- Genre: Docudrama
- Written by: Francis Wheen
- Starring: Kenneth Cranham; Gina McKee; Celia Imrie; Neil Dudgeon; Dominic Rowan;
- Country of origin: United Kingdom

Original release
- Network: BBC Four
- Release: March 1, 2006

= The Lavender List =

2006 British political TV program

The Lavender List is a docudrama originally broadcast on BBC Four on 1 March 2006. It chronicles the events that led to the drafting of the so-called "Lavender List", a satirical name given to Harold Wilson's controversial 1976 resignation honours.

==Cast==
- Kenneth Cranham as Harold Wilson
- Gina McKee as Marcia Williams
- Celia Imrie as Mary Wilson
- Neil Dudgeon as Joe Haines
- Dominic Rowan as Bernard Donoughue

==Production==
The docudrama was written by journalist Francis Wheen, deputy editor of the satirical magazine Private Eye. Wheen said that it was based on the political diaries of two members of Wilson's cabinet: press secretary Joe Haines and director of policy Bernard Donoughue. It starred Kenneth Cranham as Wilson and Gina McKee as Marcia Williams, the head of Wilson's political office.

==The list==
The list itself caused controversy as some of the recipients were wealthy businessmen whose principles were considered antithetical to those held by the Labour Party. One businessman on the list, Lord Kagan, was a friend of Wilson's. He was convicted of fraud in 1980. Another, Sir Eric Miller, committed suicide while under investigation for the same crime in 1977. Lew Grade and James Goldsmith, who had previously given financial assistance to Williams, also featured.

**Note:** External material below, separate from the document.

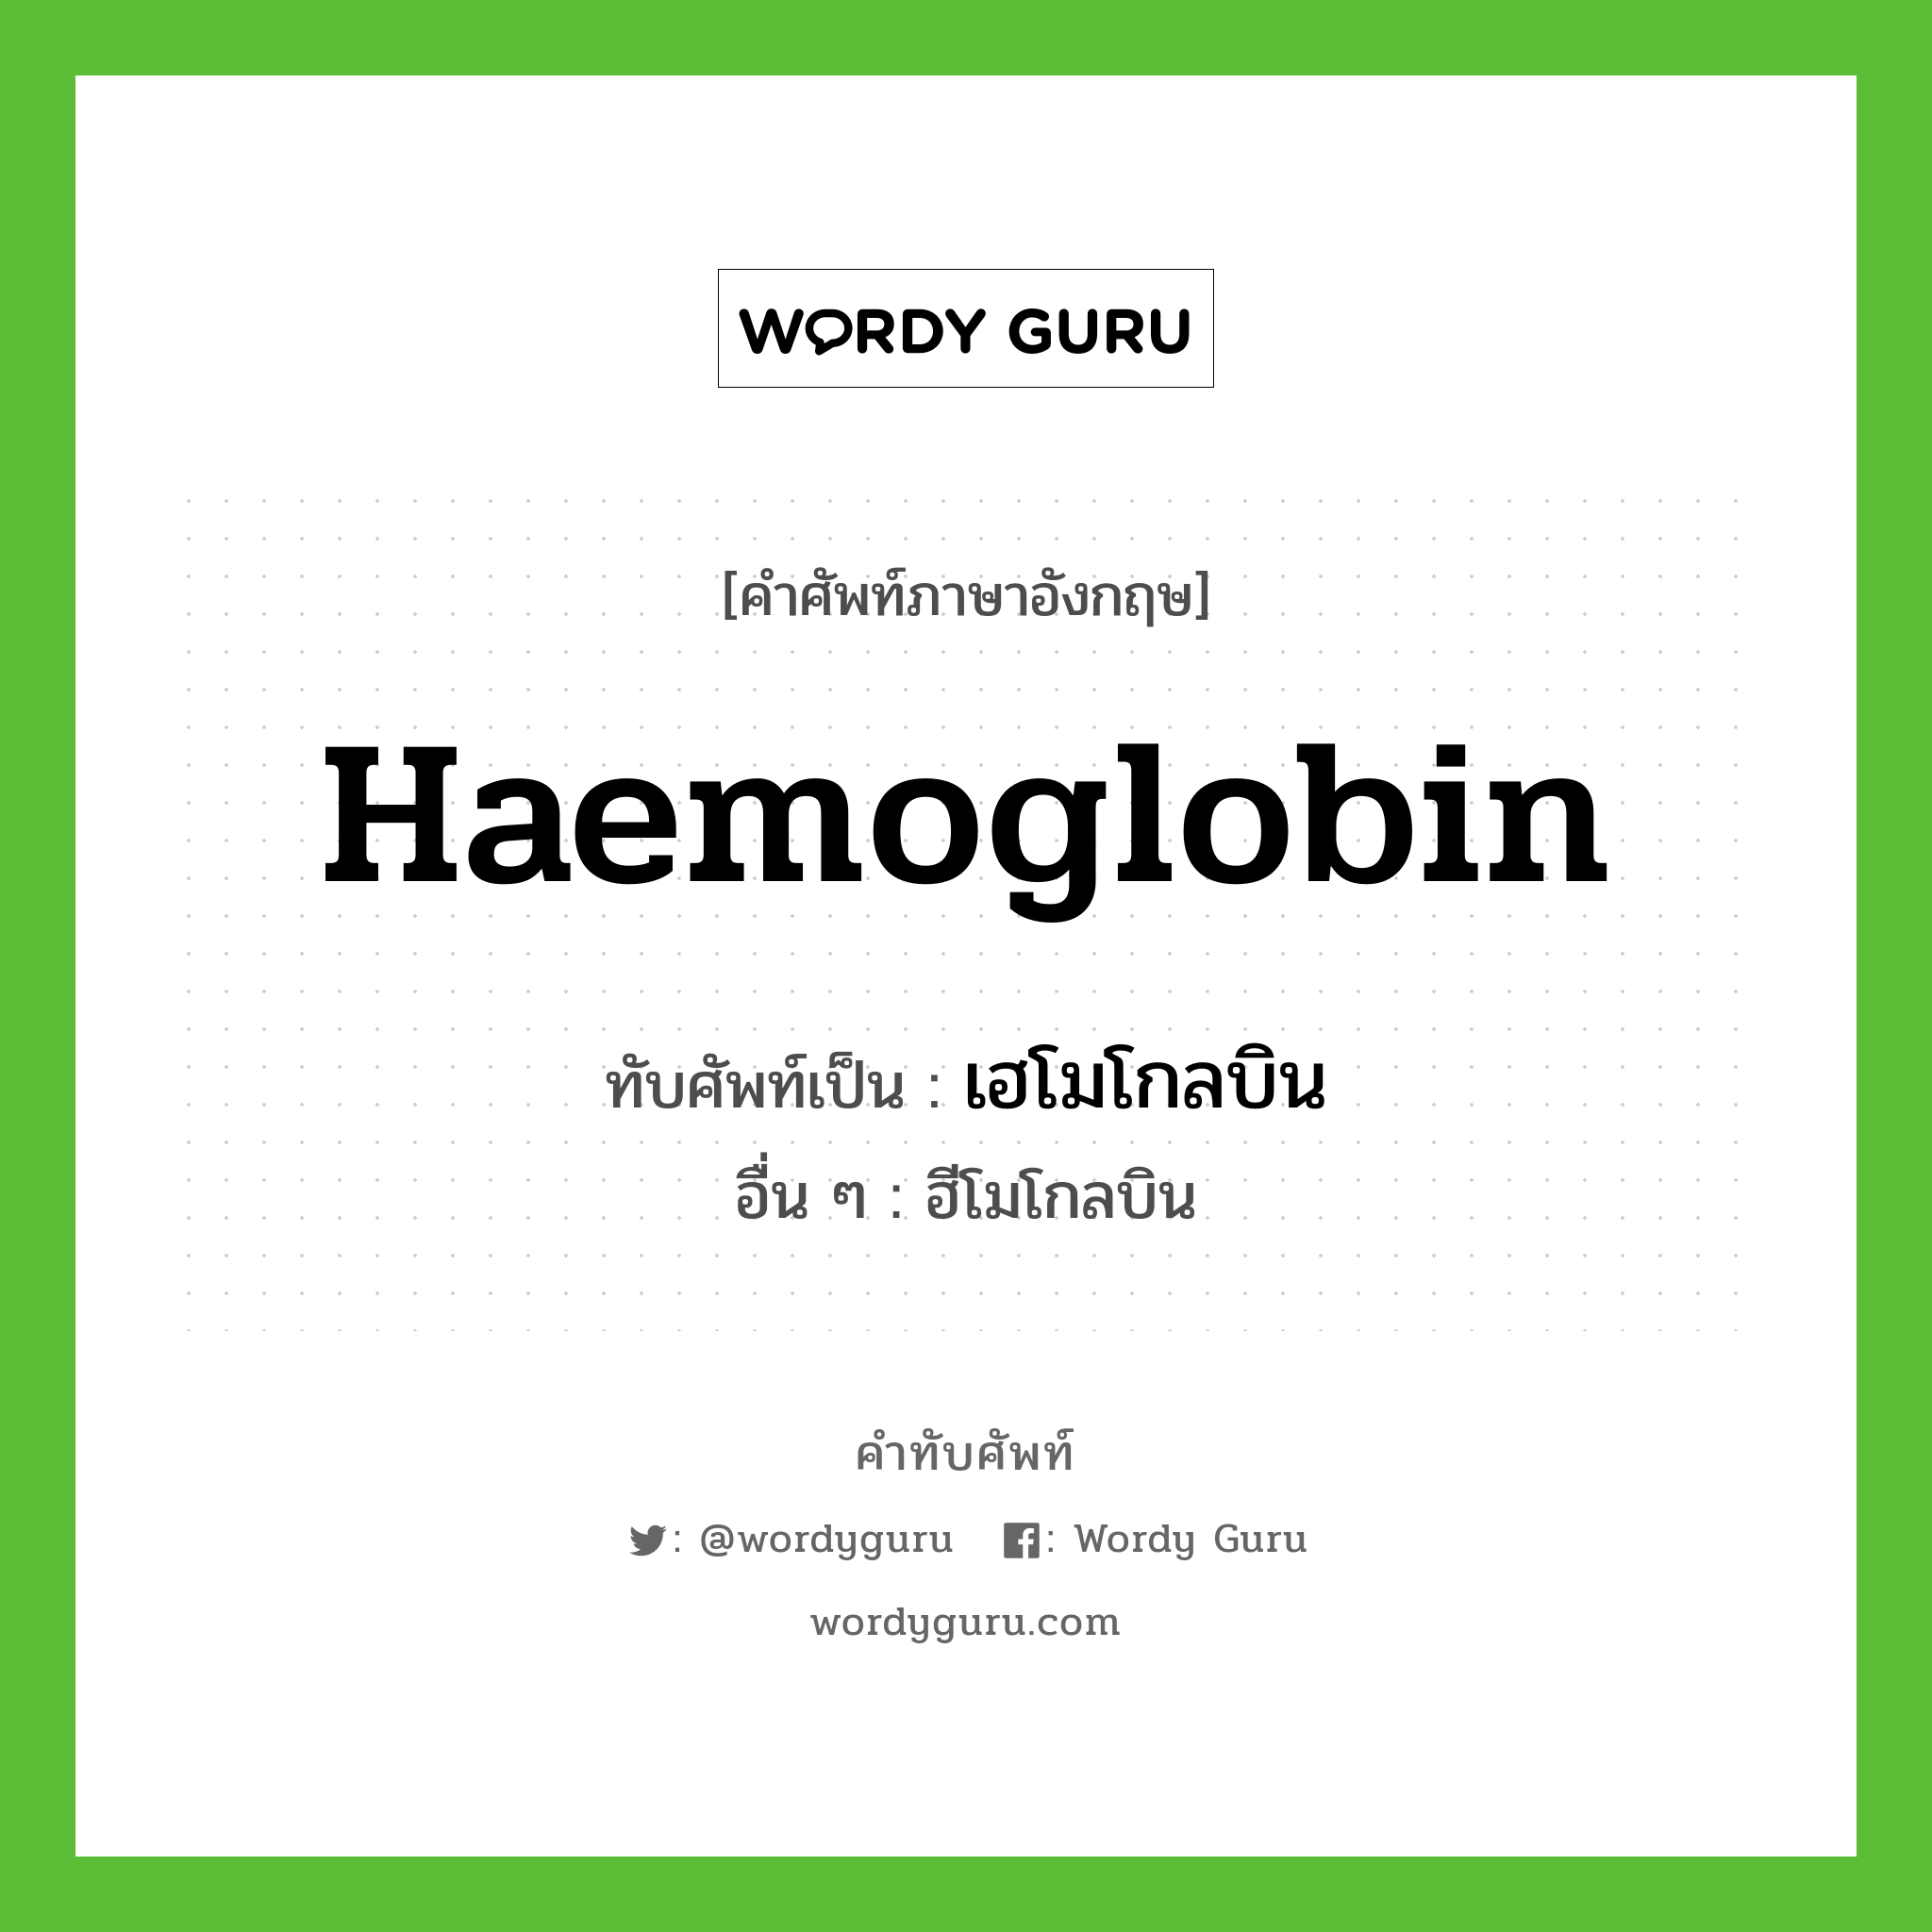 เฮโมโกลบิน เขียนอย่างไร?, คำศัพท์ภาษาอังกฤษ เฮโมโกลบิน ทับศัพท์เป็น haemoglobin อื่น ๆ ฮีโมโกลบิน

The name of the list originated in a claim made by Haines that the original draft had been written on lavender-coloured notepaper. No documentary evidence has been proffered to support this claim, and Wilson and Williams denied it.

==Reception==
Victor Lewis-Smith reviewed the production positively in the Evening Standard. Other reviews were critical, and drew negative responses from some of those depicted in it. Haines noted what he considered 54 inaccuracies in the production.

The BBC paid Williams £75,000 in damages for claiming that she conducted an adulterous affair with Wilson, and that she exercised undue influence over the compilation of the list. In an out-of-court settlement, the BBC also agreed to pay an estimated £200,000 in costs and promised never to rebroadcast the film.